■ Instructions to follow: The listing that follows must be retyped exactly, without its pictures.

■ Data segment:
▼
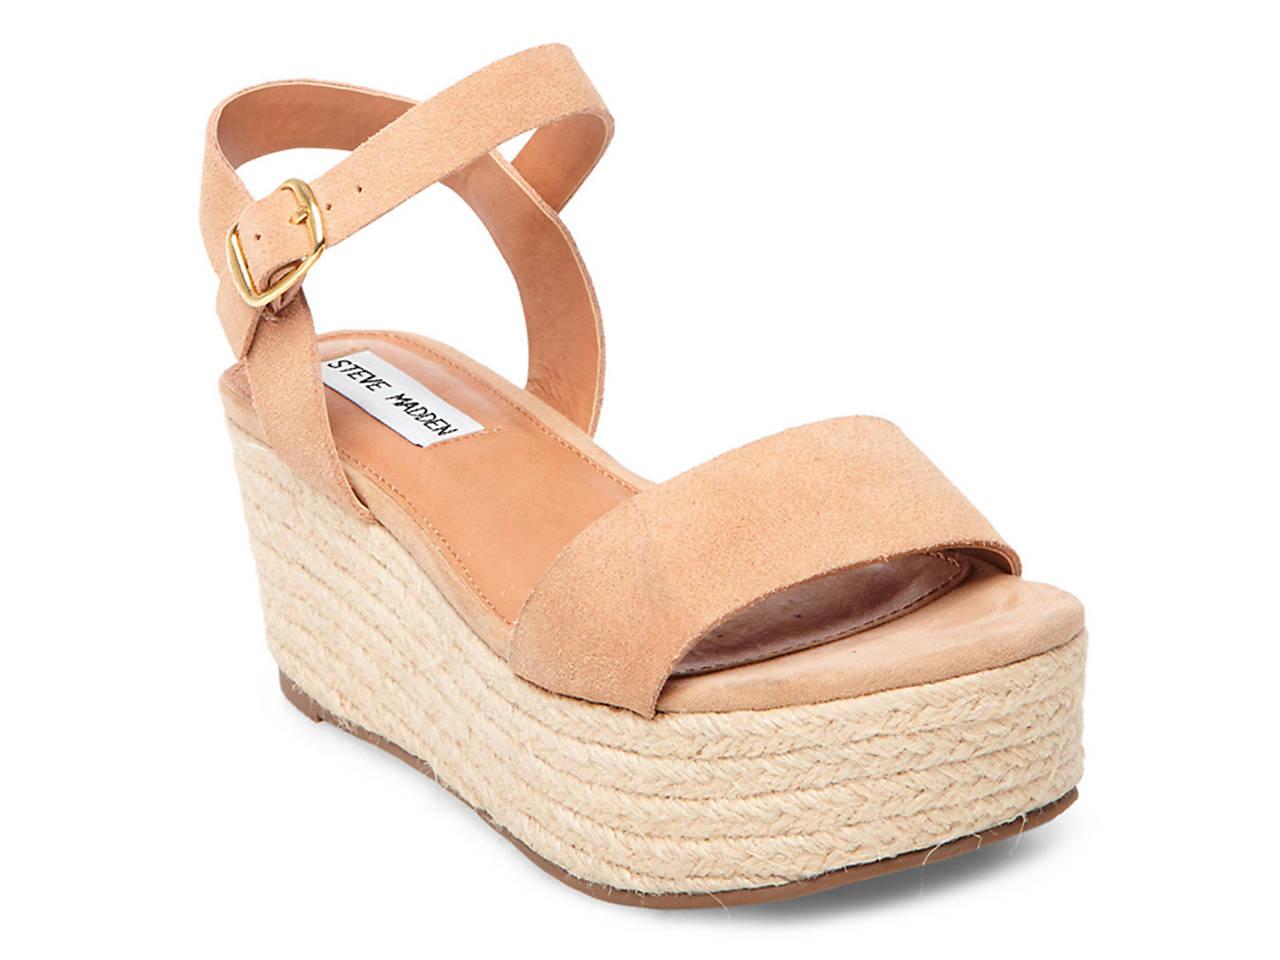 3b193072fe6 Steve Madden Busy Espadrille Platform Sandal Women s Shoes
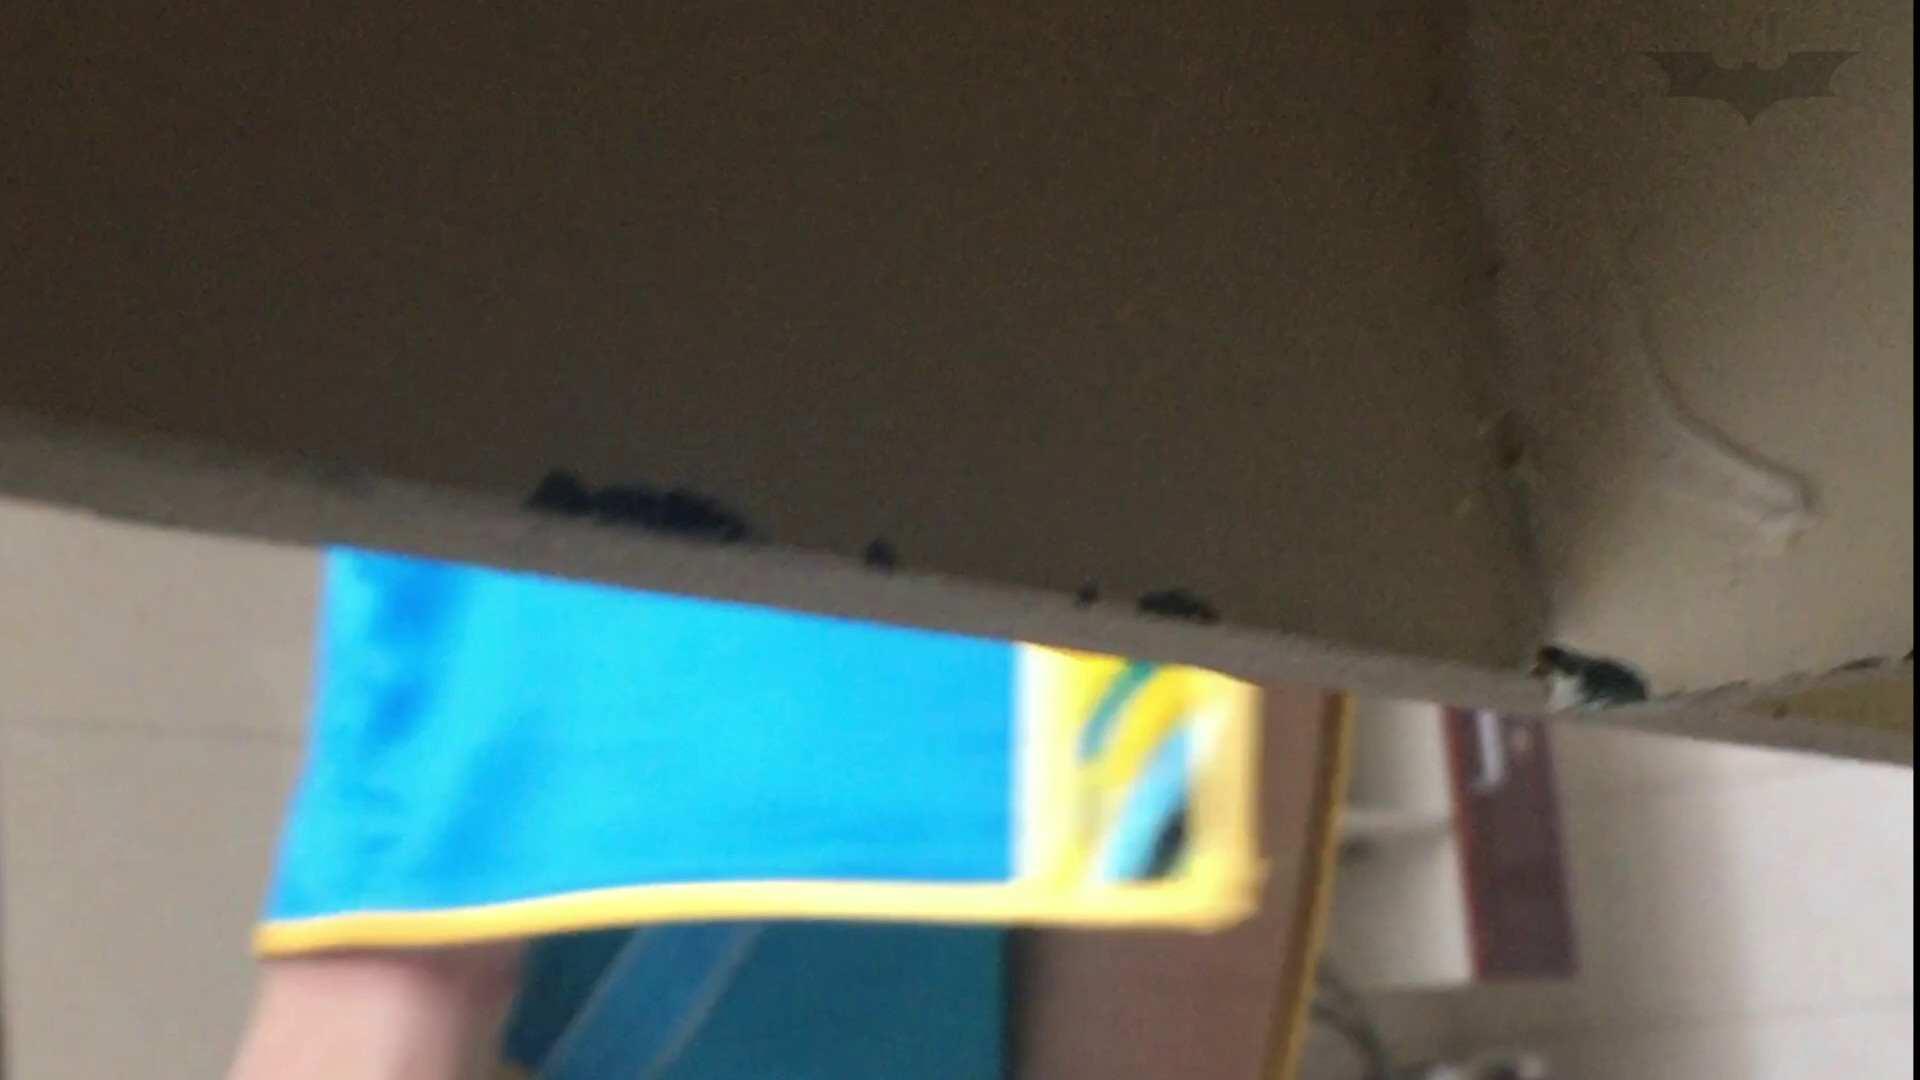 芸術大学ガチ潜入盗撮 JD盗撮 美女の洗面所の秘密 Vol.107 細身体型 おめこ無修正動画無料 111枚 71
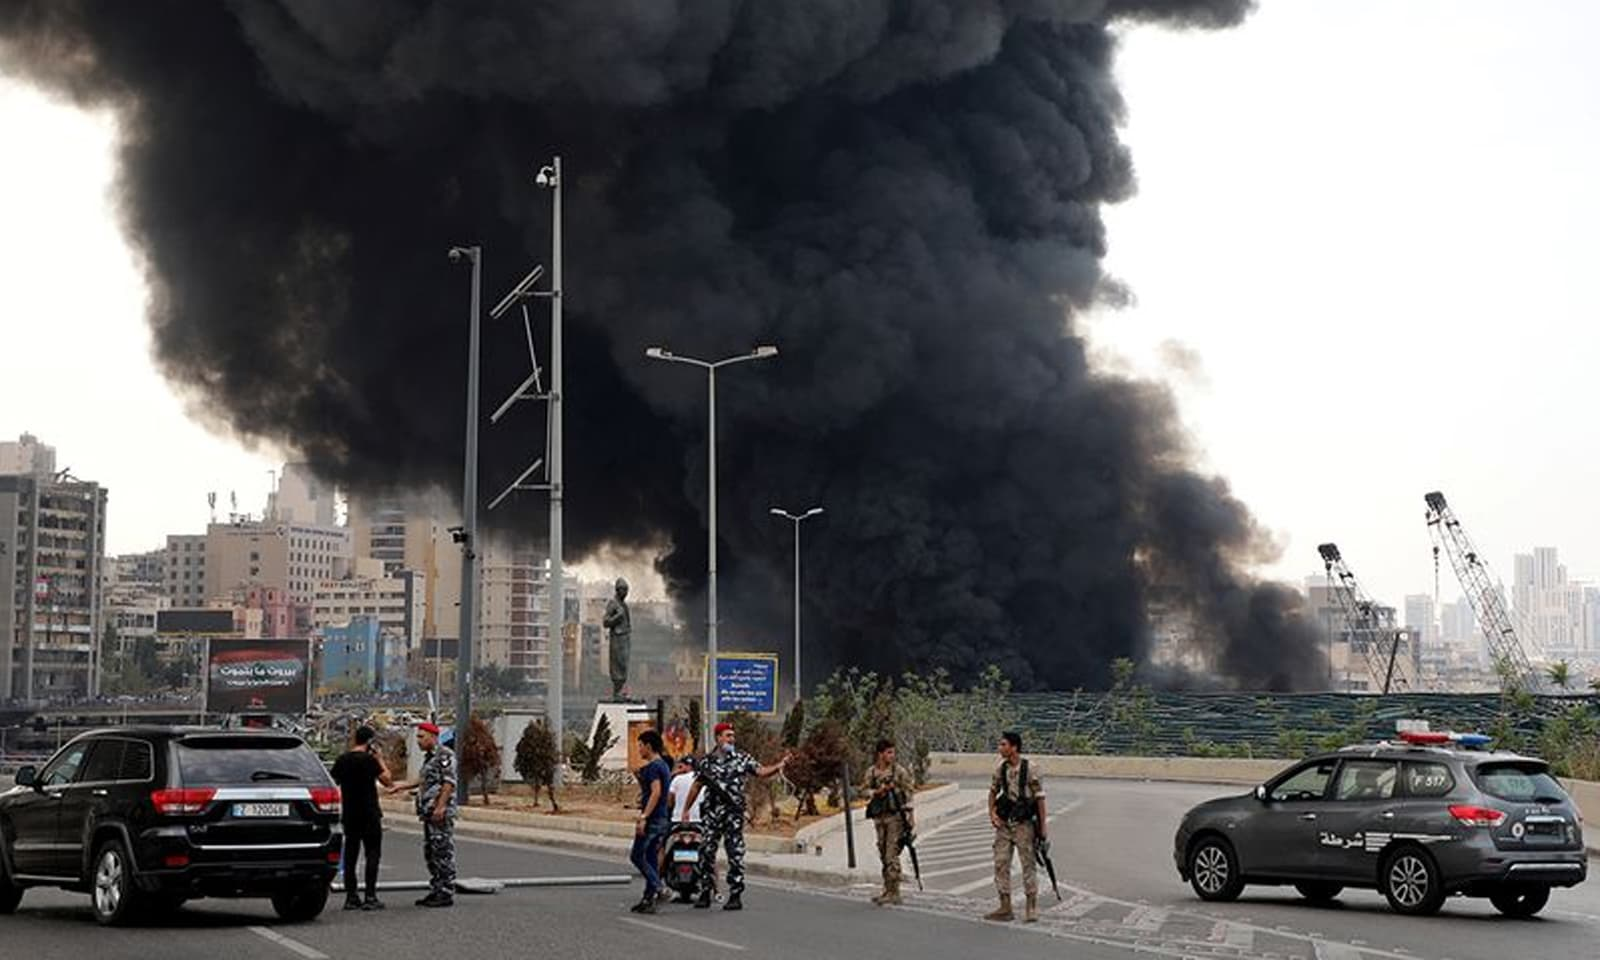 بیروت کی بندرگاہ میں جس مقام پر آگ لگی وہ ڈیوٹی فری تھا—فوٹو: رائٹرز
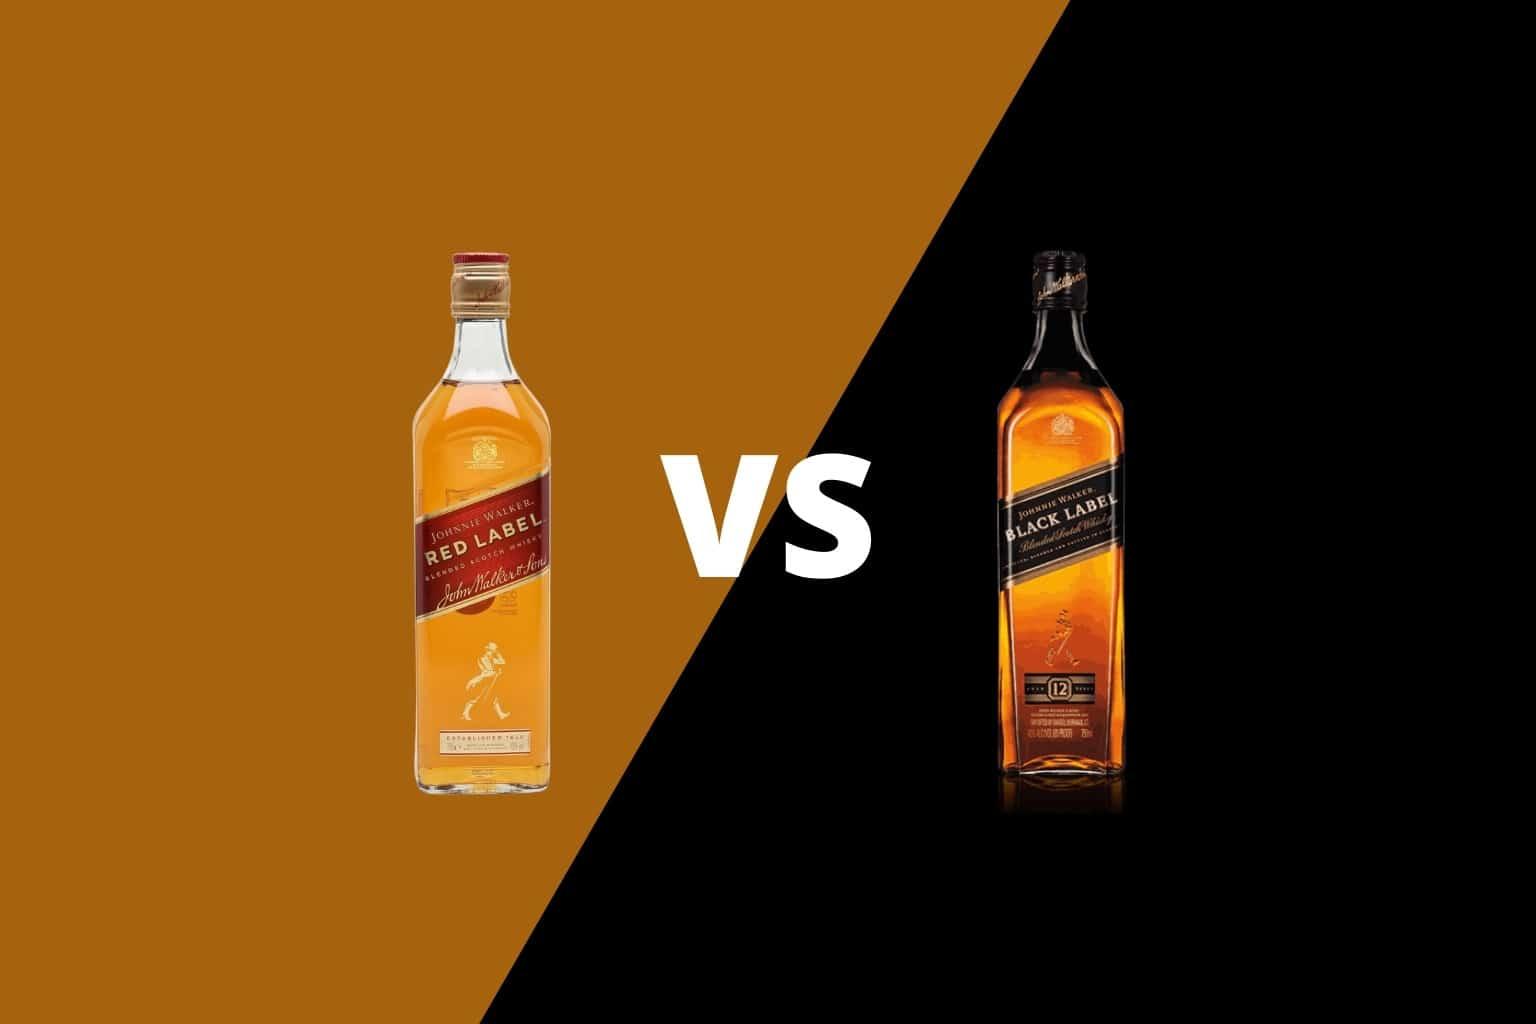 Johnnie Walker Red vs Black
▲
■ Written solution:
 3b193072fe6 Steve Madden Busy Espadrille Platform Sandal Women s Shoes
 芸術大学ガチ潜入盗撮 JD盗撮 美女の洗面所の秘密 Vol.107 細身体型 おめこ無修正動画無料 111枚 71
 بیروت کی بندرگاہ میں جس مقام پر آگ لگی وہ ڈیوٹی فری تھا—فوٹو: رائٹرز
 Johnnie Walker Red vs Black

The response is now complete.